Informal portrait of the Colenso family of Kingsford, NSW. All four brothers, Ray, Frank, Ted and William, enlisted on 1 July 1940 in 2/18 Battalion. They are pictured with their parents, William and Winifred Colenso.

The Colenso family’s lives have been shaped by war. “The whole thing has been etched into our DNA,” said Bill Colenso, whose father was one of four brothers who enlisted together during the Second World War.

“There was a big photo of the four boys above the mantelpiece my whole life, and there were always photos of my dad. It’s been burnt into our brains; we’ve been brought up with it.”

Bill’s father, William (also known as Bill), was the eldest of the four Colenso brothers — William, 30, Frank, 28, Ted, 26, and Ray, 20 — who enlisted together to look after one another.

Bill was born after the brothers sailed for Singapore and never met his father.

His father and Ray were killed within days of one another as Singapore fell to the Japanese. Their stories were told in two Last Post Ceremonies at the Australian War Memorial in Canberra.

The Colenso family attend a Last Post Ceremony at the Memorial

Members of the Colenso family at a Last Post Ceremony at the Memorial.

But the Colenso family’s story begins more than two decades earlier with their father William Sr and the outbreak of the First World War. It was a throwaway line overheard by his wife, Winifred, in line at a grocery store in the eastern suburbs of Sydney that led to the family’s involvement in two world wars.

“She heard two ladies talking about how her husband had resigned from the NSW Irish Rifles,” said Bill’s cousin, Dianne Mullin, whose father Frank was the second eldest of the Colenso brothers.

“They said he must have been scared to go to war. She went straight home and told William he had to enlist because she wasn’t going to hear anyone calling her husband a coward.”

William Sr joined the 18th Infantry Battalion in October 1916 and was sent to England where he remained until he was medically discharged in 1918, never seeing active service.

But the family wasn’t spared from tragedy.

Winifred’s brother, William Moloney, was wounded on the Western Front in 1917 and died in a French military hospital.

Her other brother, Edward, returned from the war, but was severely wounded, and remained an invalid for the rest of his life.

Frank and Ray Colenso

So when her 19-year-old son Ray first came to her with enlistment documents during the Second World War, she refused.

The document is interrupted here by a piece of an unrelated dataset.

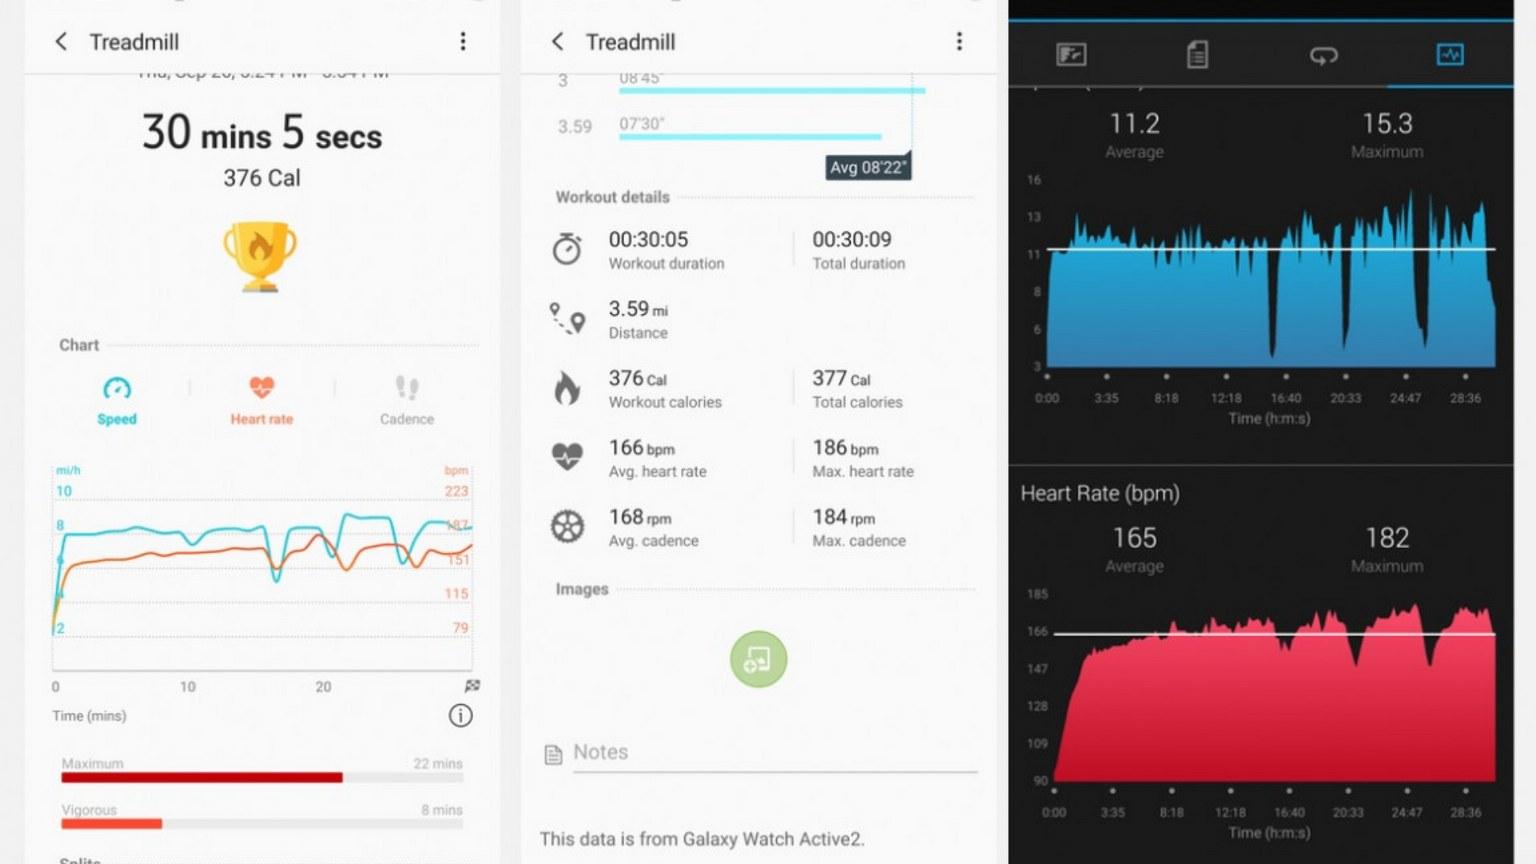 Samsung Galaxy Watch Active 2 Sleep Tracking

“Ray was only 20 when he enlisted,” Dianne said. “He couldn’t go until he was 21 without his parents’ permission, so the brothers decided they wouldn’t go to war until they could all go together, and she said, ‘I’m not signing the papers.’

“They said, ‘It’ll be over by Christmas,’ and she said, ‘I’ve heard that before.’ She’d had one brother killed at Fromelles, and the other one came home gassed and couldn’t breathe properly for the rest of his life.

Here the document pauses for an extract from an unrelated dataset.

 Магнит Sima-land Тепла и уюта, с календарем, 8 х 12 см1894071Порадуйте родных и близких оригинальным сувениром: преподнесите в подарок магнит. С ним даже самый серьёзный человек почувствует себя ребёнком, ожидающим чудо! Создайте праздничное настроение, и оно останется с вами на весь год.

“But they pestered and pestered and pestered her, and finally, when he turned 20, she let him go, and Ray celebrated his 21st birthday over there.”

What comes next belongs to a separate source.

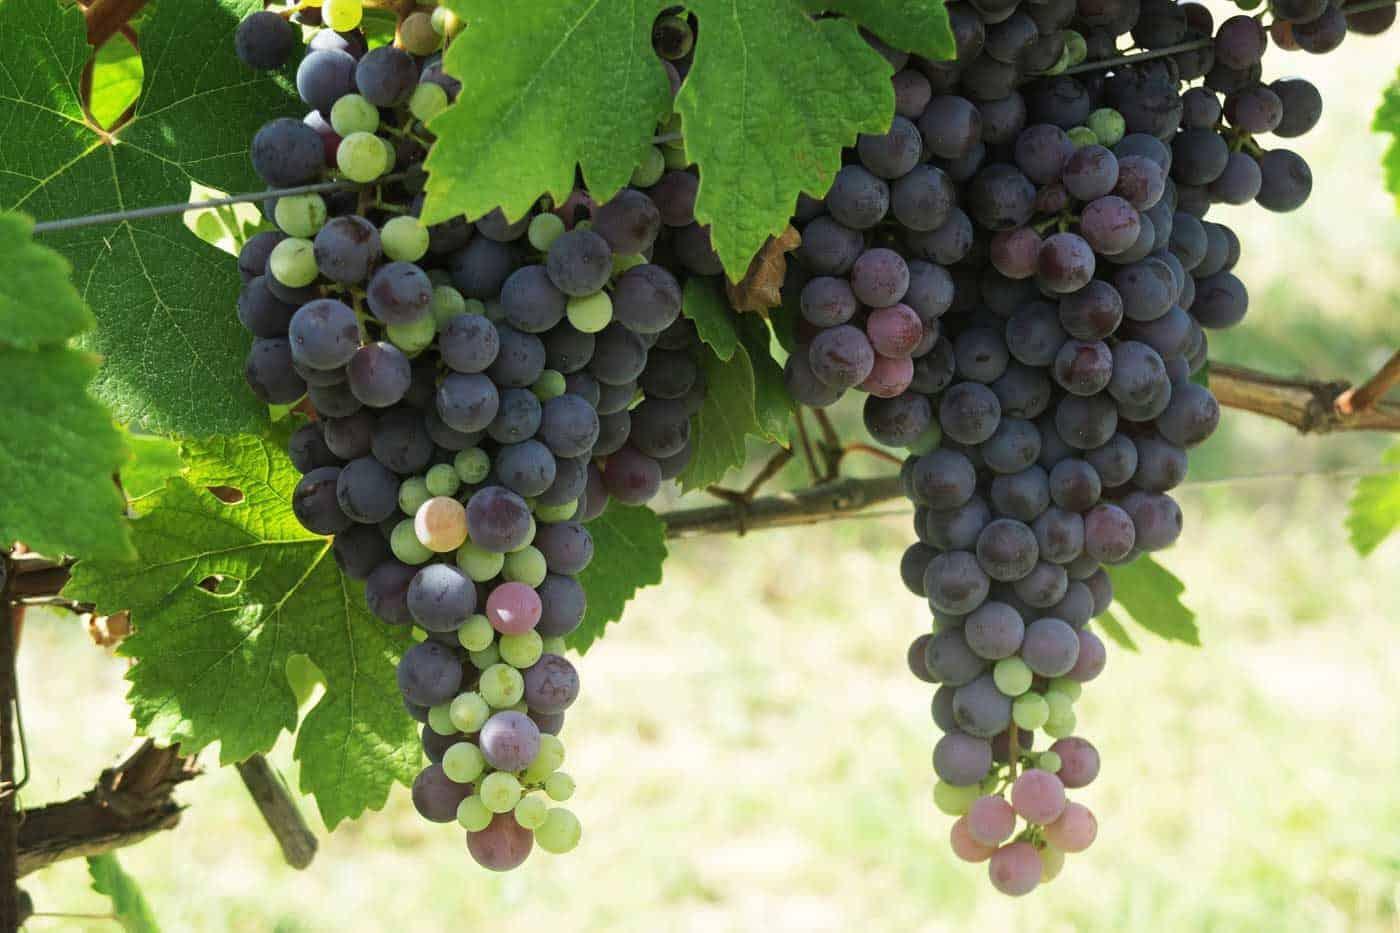 #wijnvraagbaak – Hoeveel kilo druiven heb je nodig voor één fles wijn?

The four brothers enlisted together on 15 June 1940 and were assigned consecutive service numbers. Their younger brother, Les, was too young to enlist.

“Ray was the one who wanted to be a soldier,” Bill said. “The others went to look after him; it was one in, all in, as far as enlisting, and they all stuck together. They were like peas in a pod.”

The four Colenso brothers, William, Frank, Ted and Ray, enlisted together and were given consecutive service numbers.

The four Colenso brothers, William, Frank, Ted and Ray, enlisted together and were given consecutive service numbers. Their youngest brother Les was too young to enlist.

The brothers joined the 2/18th Battalion together, following in their father’s footsteps.

On 1 February 1941, they set sail from Sydney Harbour and disembarked at Singapore 17 days later, moving north to spend 1941 training in the steamy tropical conditions of the Malay Peninsula.

Ray would often write poems for other soldiers in exchange for paper, and would write love letters for soldiers to send home to their sweethearts. He wrote the following poem the year before his death:

In dreams I often travel to the land I know so well,

In sleep I find much comfort despite the shot and shell,

Pleasant dream, old cobber, on watch I’ll take my turn,

Though while awake we quell it, our hearts for home do yearn.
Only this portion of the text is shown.